Shrimp creole recipeThe unsolved mystery is whether the handwritten word that looks like curry is really sherry. I looked at quite a few other shrimp creole recipes, and couldn’t find curry listed in any of them, though many do call for Tabasco sauce. I played it safe and used cooking sherry. Who knows what my grandmother had in mind? What I do remember is eating her Shrimp Creole from one of her hand-painted china serving plates. I used to visit her apartment on my way to and from college, stopping overnight so she could feed me and then send me back to cafeteria fare with a couple of her snickerdoodle cookies packed up for the road. The Shrimp Creole may not be traditional, but it reminded me of her. Too bad I never got her cookie recipe.
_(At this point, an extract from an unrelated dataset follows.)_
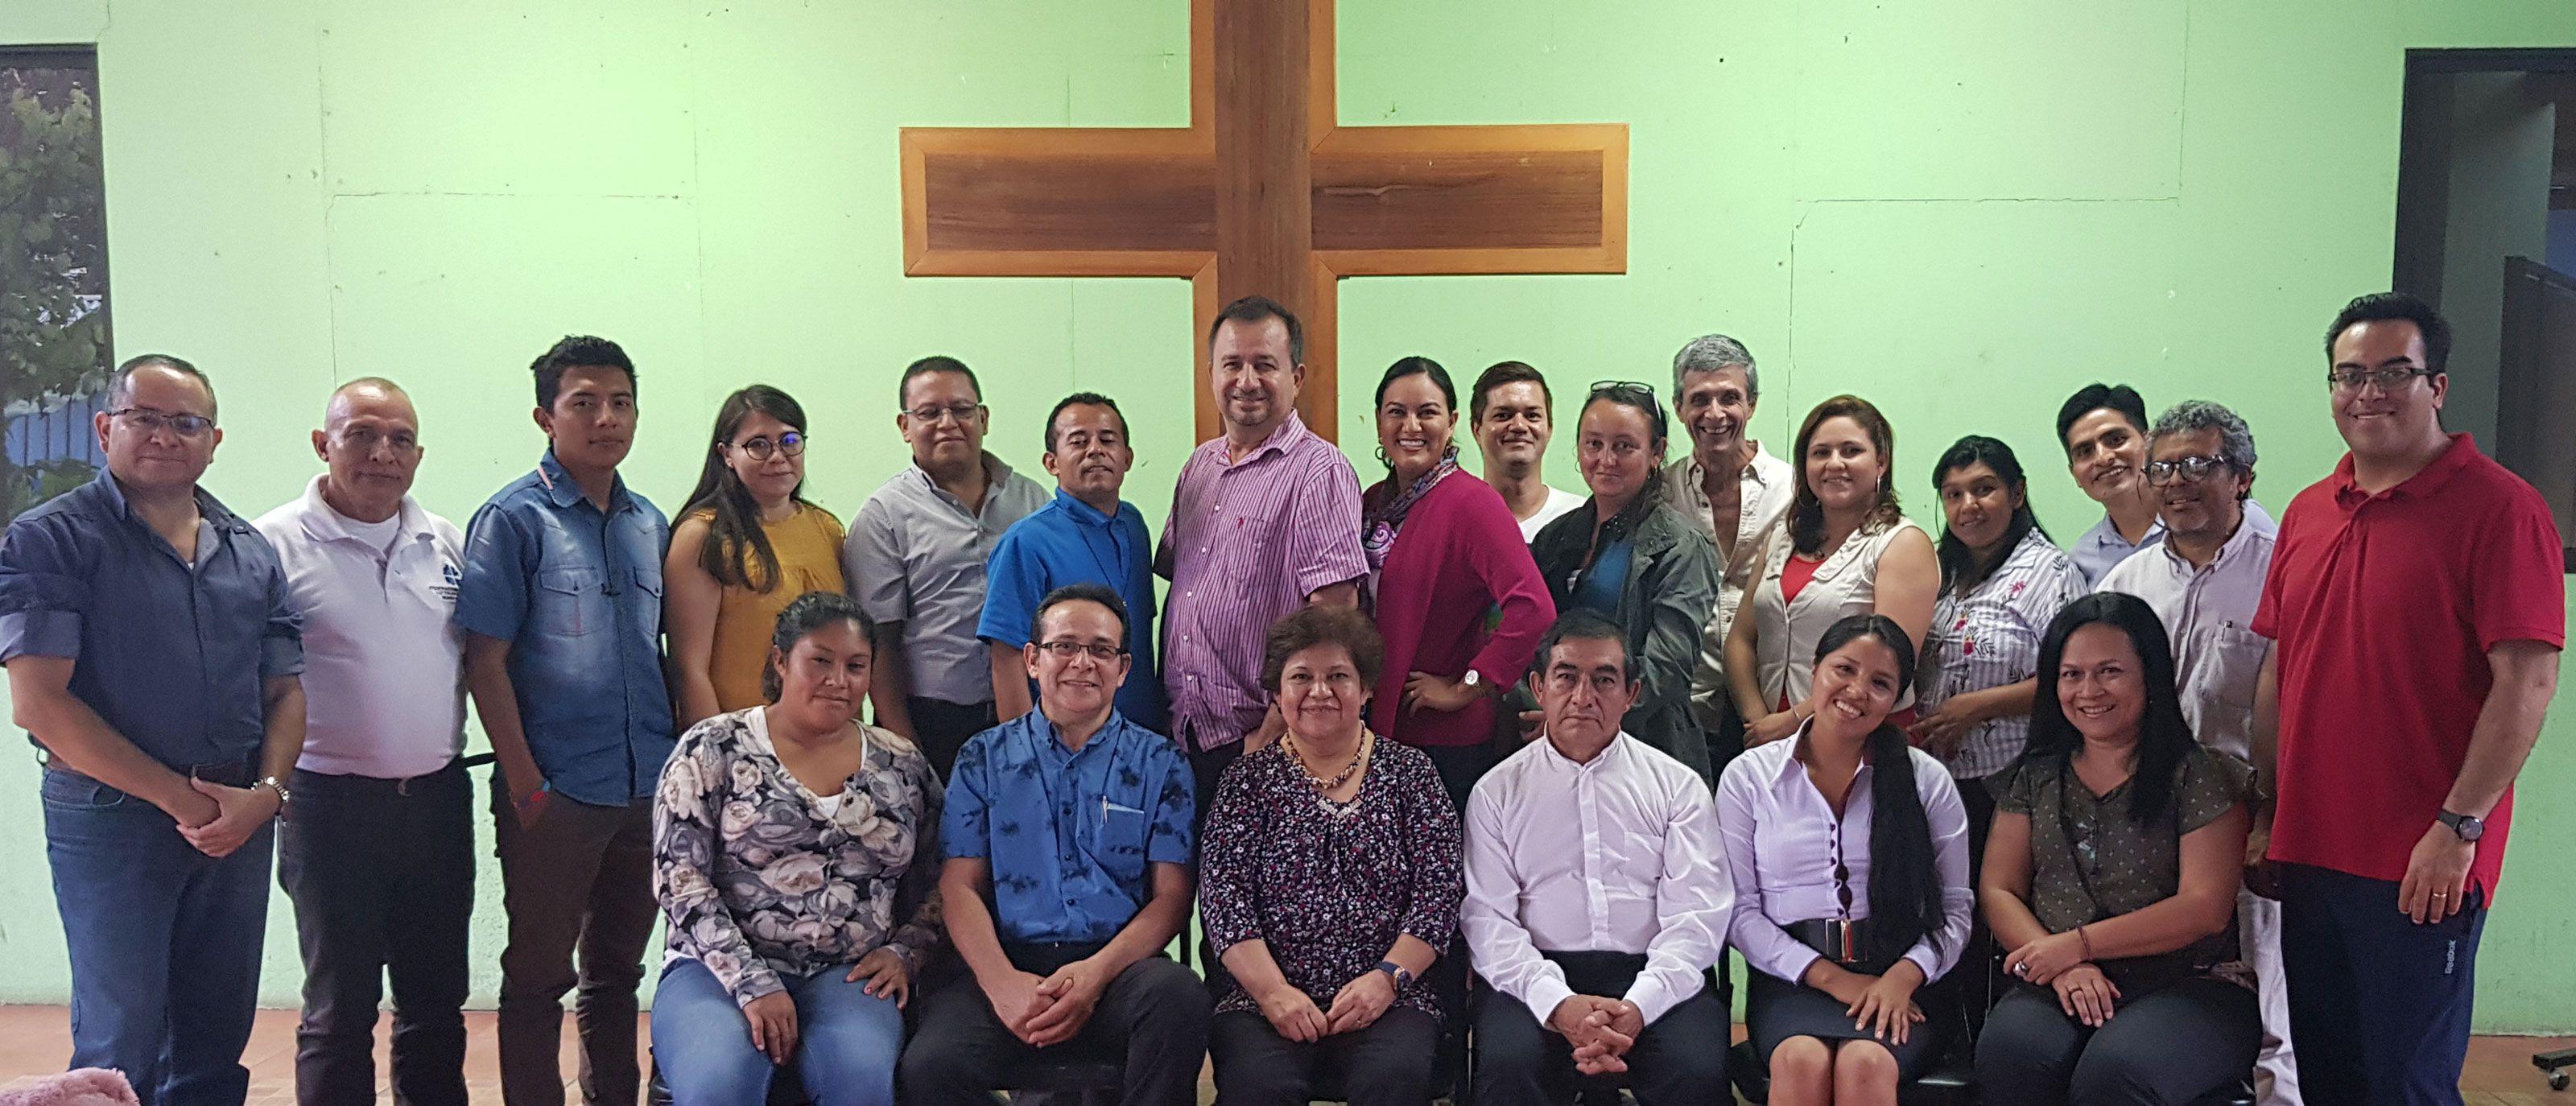 Participants at the LWF advocacy training workshop in San JosÃ©, Costa Rica, 14-16 July.  Photo: LWF/F. Wilches
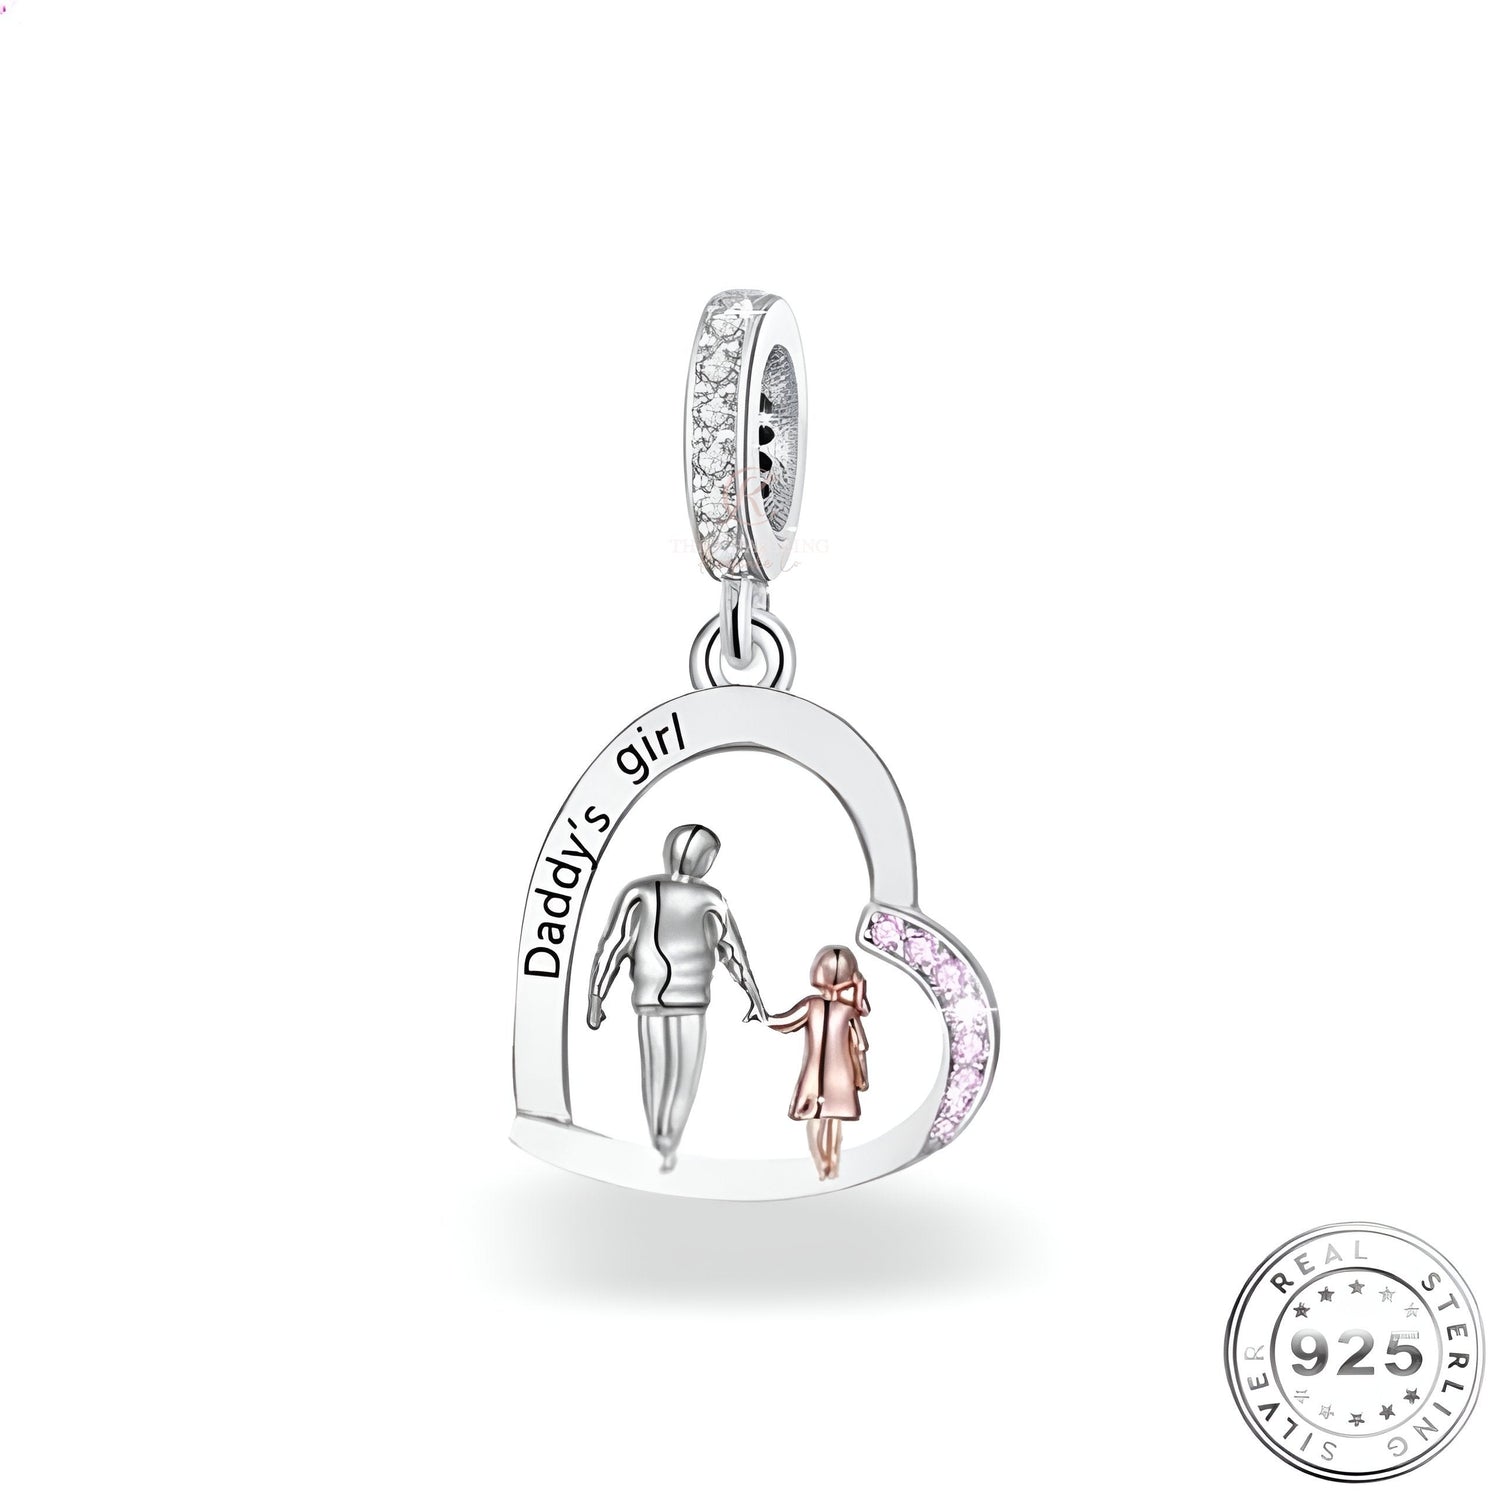 Daddys Girl Charm 925 Sterling Silver fits pandora

Shrimp Creole (circa 1920)
Serves 4

3 tablespoons butter
2 sliced onions
1 chopped green pepper [I used red]
1 pound tomatoes, peeled and sliced [I used a 14.5-ounce can of chopped tomatoes]
2 teaspoons salt
1/4 teaspoon dry mustard
1 tablespoon cooking sherry
1/2 teaspoon sugar
1/8 teaspoon black pepper
1 pound cooked shrimp

  1. In a saute pan, melt the butter. Saute the onions and pepper over low heat for 10 minutes or until thoroughly soft.
  2. Add the tomatoes, salt, mustard, sherry, sugar, and pepper. Simmer gently for 10 minutes.
  3. Add the shrimp and heat thoroughly over low heat. Serve over rice with lemon wedges on the side.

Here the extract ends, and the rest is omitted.